L’architettura fa sia da oggetto che da soggetto di questa comune ricerca per immagini. Andrea e Daniele fotografano la loro terra, il mondo in cui sono cresciuti e che li ha definiti. ‘Pianura’ è il dialogo tra due città del Nord, Udine e Bergamo. L’architettura, in questo contesto, è “la forma in cui si concretizza l’antropizzazione della pianura nel corso del tempo”. I diversi stili, dall’antica tradizione contadina a quello novecentesco seguente il boom economico, fino a quello contemporaneo, definiscono in ultima analisi l’identità stessa di queste due popolazioni del nord Italia.

A guardarsi attorno con attenzione, i luoghi in cui viviamo e la maniera in cui decidiamo di abitarli si spogliano della loro funzione esclusivamente pratica per rivelare significati ulteriori. Attraverso lo sguardo fotografico è possibile “unire” luoghi spazialmente distanti, facilitando in questo modo la riflessione sui messaggi che la “faccia” di un agglomerato urbano può comunicare. Una porta, per esempio, non è soltanto un’apertura necessaria per entrare in un’abitazione che serve il suo scopo: una volta che viene fotografata e accostata ad altre porte si intuisce facilmente che ognuna di queste significa qualcosa, è parte attiva di una narrazione collettiva. La città, insomma, può essere vista come la costruzione fisica di un’identità comune che si estende sia nello spazio che nel tempo.

Proprio come l’essenza di una comunità, la città è costituita da singole parti, ognuna caratterizzata a seconda di un determinato gusto, dal sobrio al kitsch. è l’incontro della dimensione pubblica con quella privata. ‘Pianura’, con l’accostamento delle diverse parti, rende visibile l’insieme. Le scelte legate al disegno e alla costruzione della casa sono profondamente rivelatrici della personalità di chi la pensa e la crea. L’abitazione d’altronde riflette, piuttosto letteralmente, la vita. Se il senso estetico è essenziale, è altrettanto vero che questo non può prescindere dalla praticità dell’esistenza. Il risultato è un insieme di gusto e necessità, di scelte consapevoli e di bisogni obbligati.

Nella città, dopo le decisioni che portano alla sua prima formazione “ideale’, succede la vita. Ecco che le case, le strade e tutti i suoi luoghi, portano il segno del tempo e dell’usura, le tracce incancellabili di chiunque la attraversi. Organizziamo la nostra realtà in spazi che sono destinati a sopravviverci, eppure la nostra presenza lascia un segno, rimane come un’orma una volta che li abbandoniamo, condannati alla nostra mortalità.

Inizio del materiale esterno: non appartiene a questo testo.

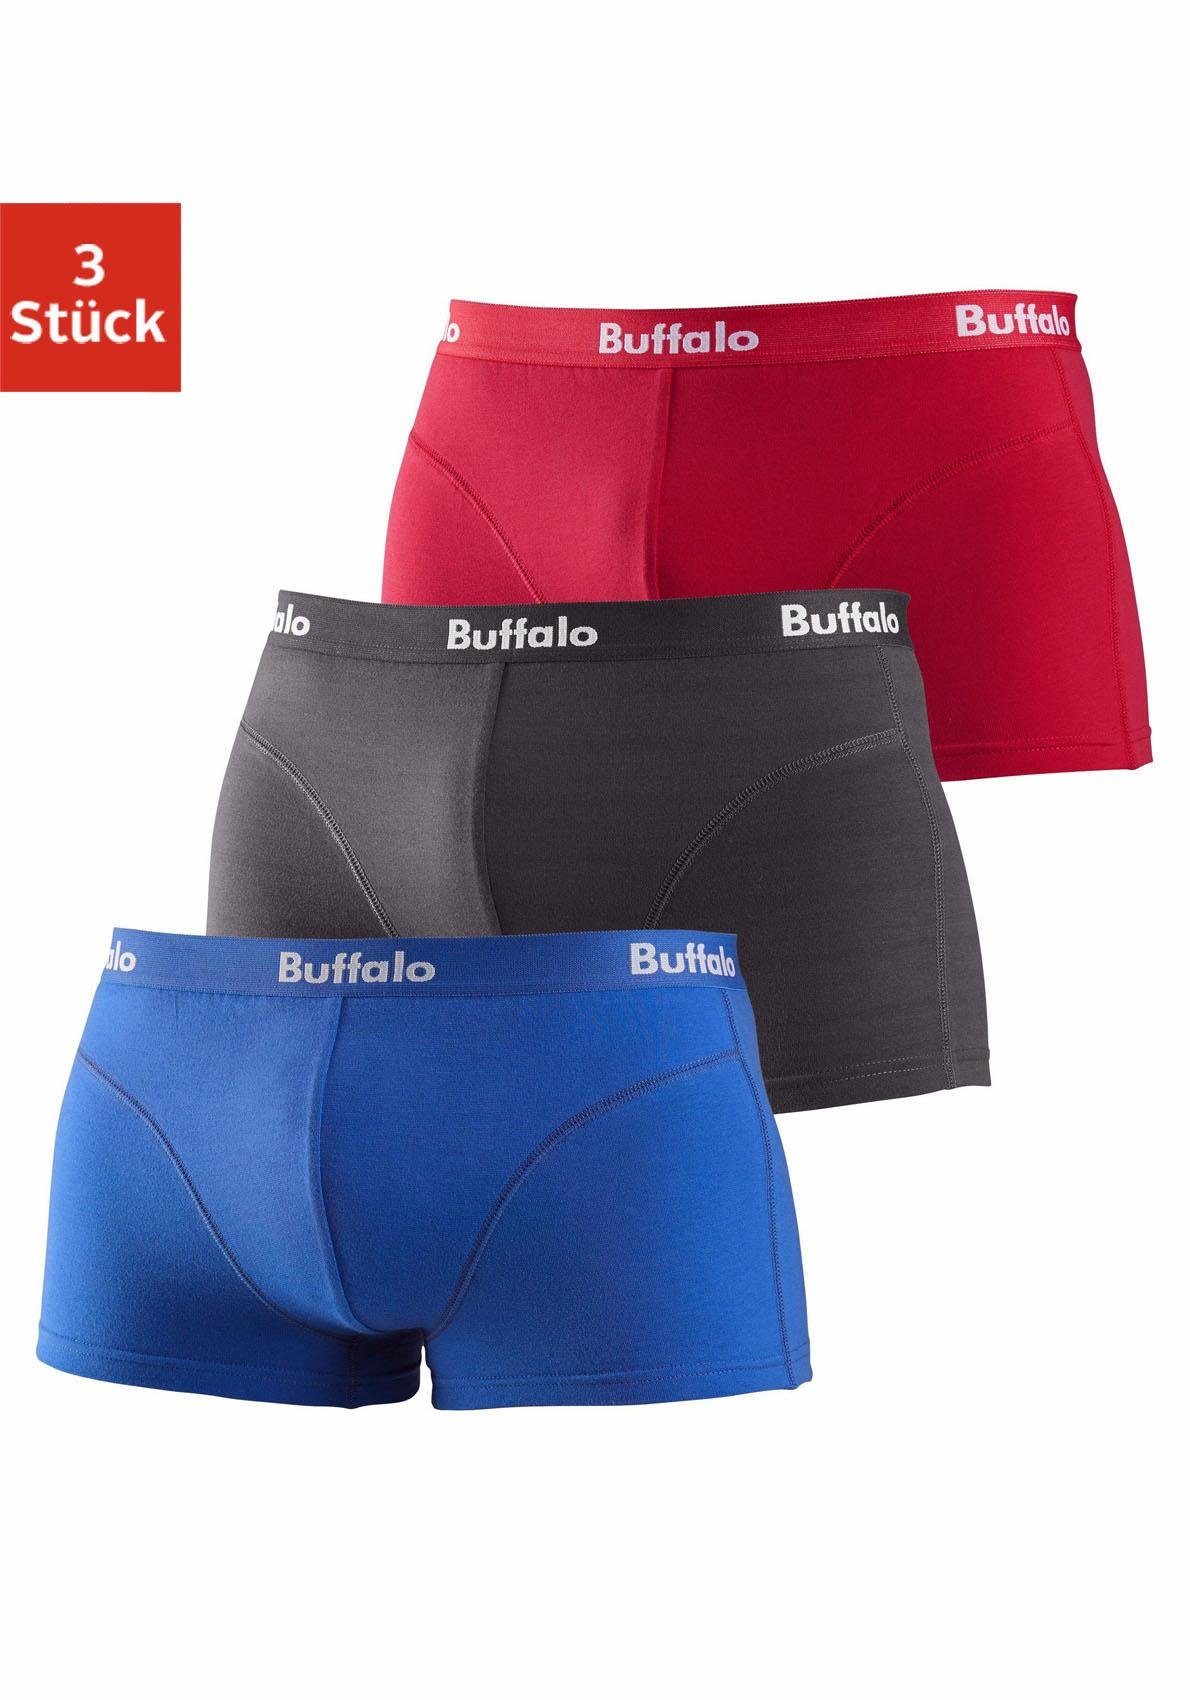 Buffalo Hipster (Packung, 3-St) mit Overlock-Nähten vorn rot, royalblau, anthrazit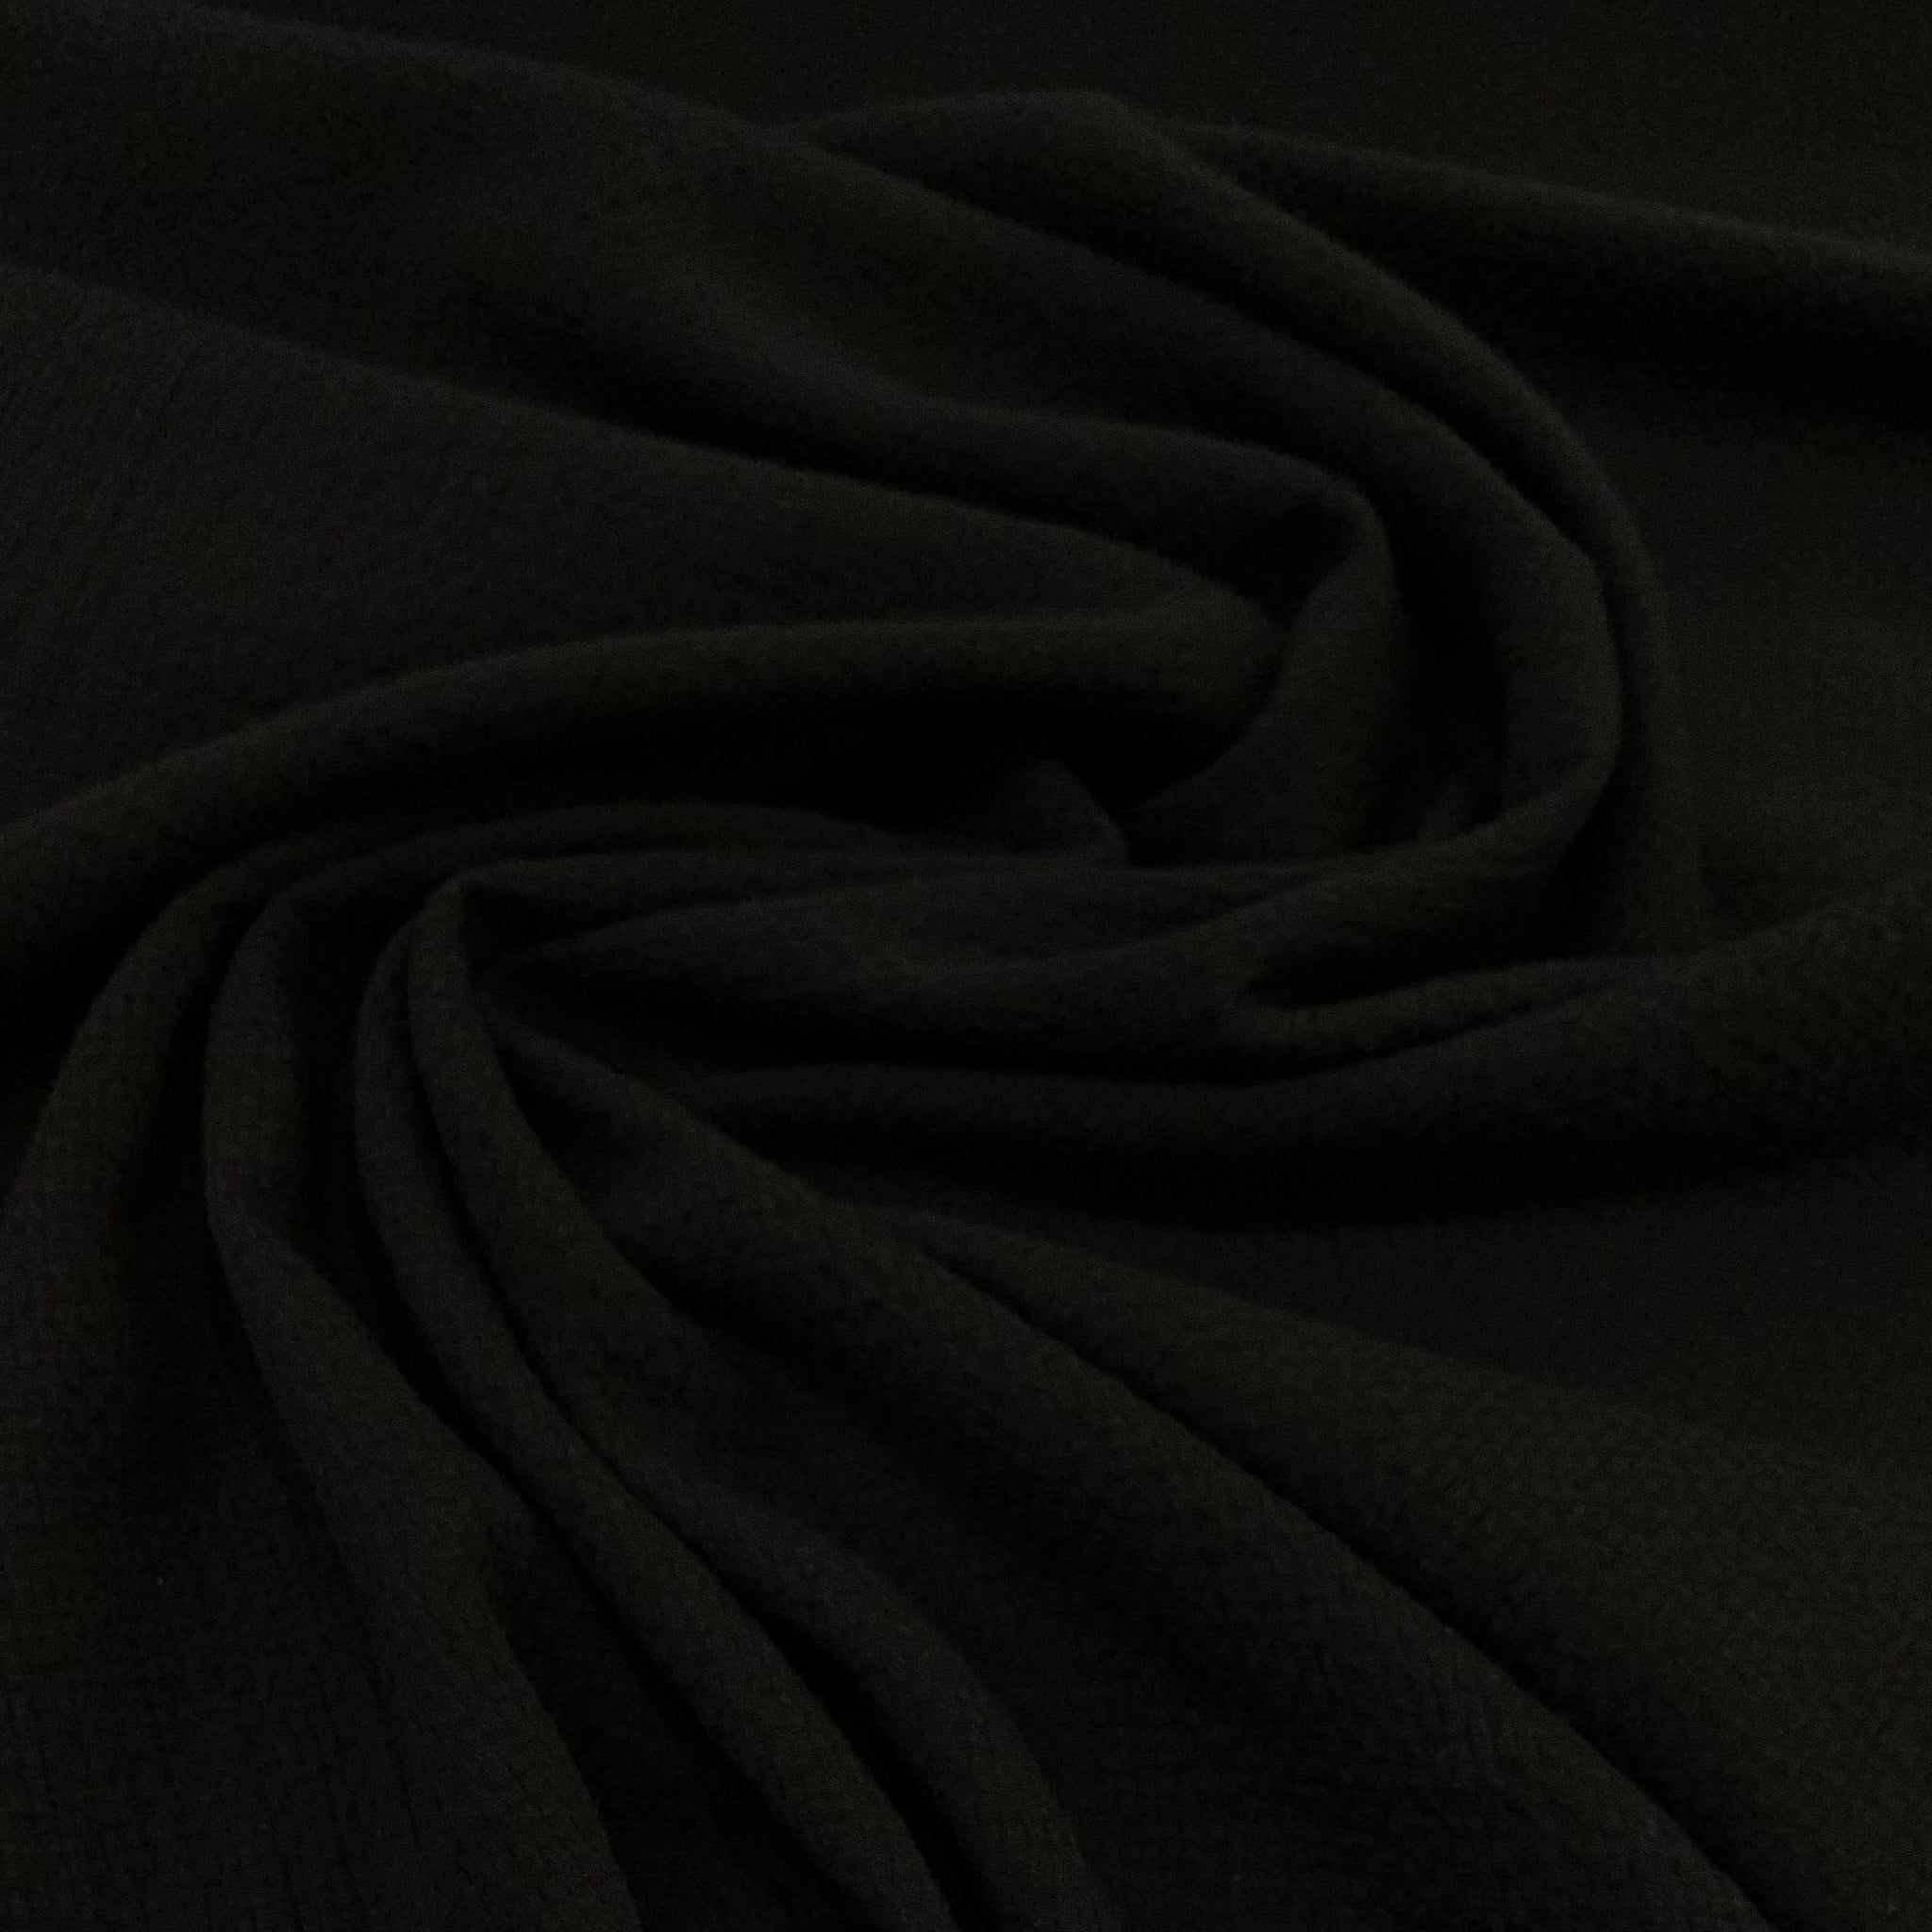 Seersucker (ish) Cotton Fabric - Black

La città ha allora un impatto attivo sulla formazione dell’uomo che la abita, allo stesso modo in cui l’eredità collettiva della comunità in cui è nato formerà le sue caratteristiche e abitudini. Da qualche parte dentro di noi rimangono sempre eretti i muri del luogo in cui siamo nati, anche quando crollano nella realtà. La nostra città ci appartiene e noi le apparteniamo, anche se la rifuggiamo o rifiutiamo. È parte di quello che siamo. ‘Pianura’ è lo studio a quattro mani di un dato di fatto: di un’appartenenza. Sta a noi decidere con quale disposizione d’animo porci avanti alle immagini di un’eredità che ci è imposta, come quella fisica, ingombrante e concreta di un luogo natio. Farci i conti però è necessario, a partire dalla consapevolezza che quello con la nostra città è un legame da cui non potremo, mai del tutto, liberarci.